Skip to content

Vio-Chung/Rap-Speech-Classification

Repository files navigation

Sound Classification on Rap Vocals and Speech

Overview

Many studies have leveraged the harmonic patterns in music to achieve high accuracy on music/speech classification. However, the rap genre, with its vocal style closely resembling spoken words, blurs these lines with its speech-like qualities. This project will investigate the efficacy of 4 existing pre-trained models + LSTM and 1 CNN+FC (fully connected layers) in discriminating between rap vocals and speech.

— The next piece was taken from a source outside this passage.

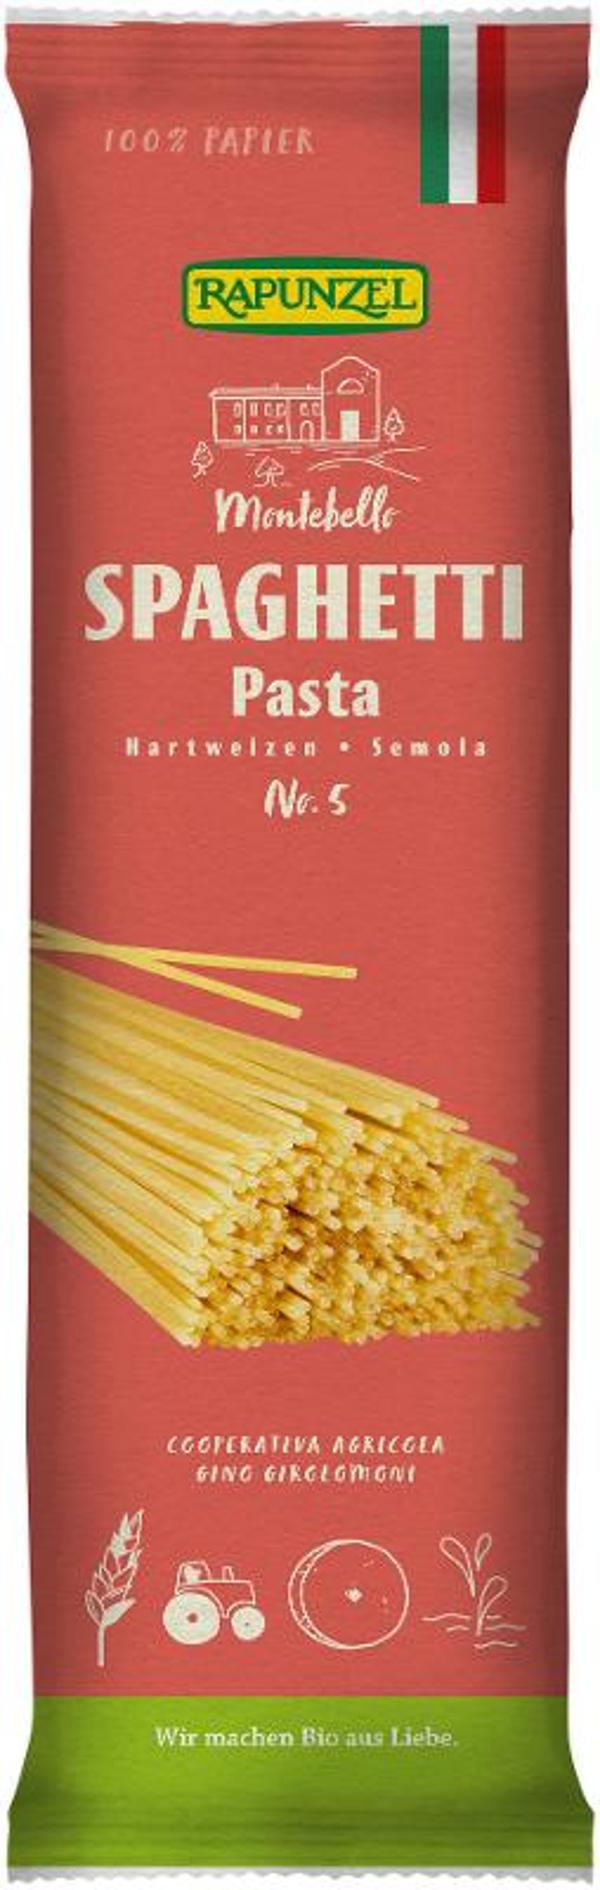 Produktfoto zu Spaghetti Semola, no.5 500g Rapunzel

Our data is self-collected audio data of speech and rap vocals, which are scrapped from youtube via yt-dlp, followed by Demucs (htdemucs_ft version) for separating target vocals from music tracks.

Dataset

This project uses self-collected data.
The Ultimate_Rap_Dataset_Cleaned has 207 rap songs with a total of 48109 sec ≈ 13.36 hr;
The Ultimate_Speech_Dataset_Cleaned has 172 speech audio files with a total of 76362 sec ≈ 21.21 hr.

Data collection

The Data preparation, data pre-processing, and data cleaning are time-concuming. After having our audio data with JSON files downloaded, we perform vocal separation to extract rap vocals as well as speech from their music tracks. Followed by removing and replacing problematic characters, ensuring compatibility across different systems and software, and preventing errors, we formed our Ultimate datasets.

  • Rap

A comprehensive list of rap music was curated to ensure a diverse and representative dataset, it included a wide range of rap music from its late 1970s to contemporary innovations. Besides, conscious effort was made to incorporate more songs by female rappers to achieve a more balanced gender distribution.

  • Speech

We specifically target speech audio that contains background music, applying Demucs for speech separation to maintain consistency between isolated rap vocals and isolated speech in our dataset.

Models

We compare 5 models on this task:

  (1) CNN+FC Representing the process of window slicer with CNN+FC for classification.
  (2) YAMnet+LSTM YAMnet extracting embeddings and feeding them to LSTM for classification.
  (3) VGGish+LSTM VGGish extracting embeddings and feeding them to LSTM for classification.
  (4) OpenL3+LSTM OpenL3 extracting embeddings and feeding them to LSTM for classification.
  (5) PANNs+LSTM PANNs extracting embeddings and feeding them to LSTM for classification.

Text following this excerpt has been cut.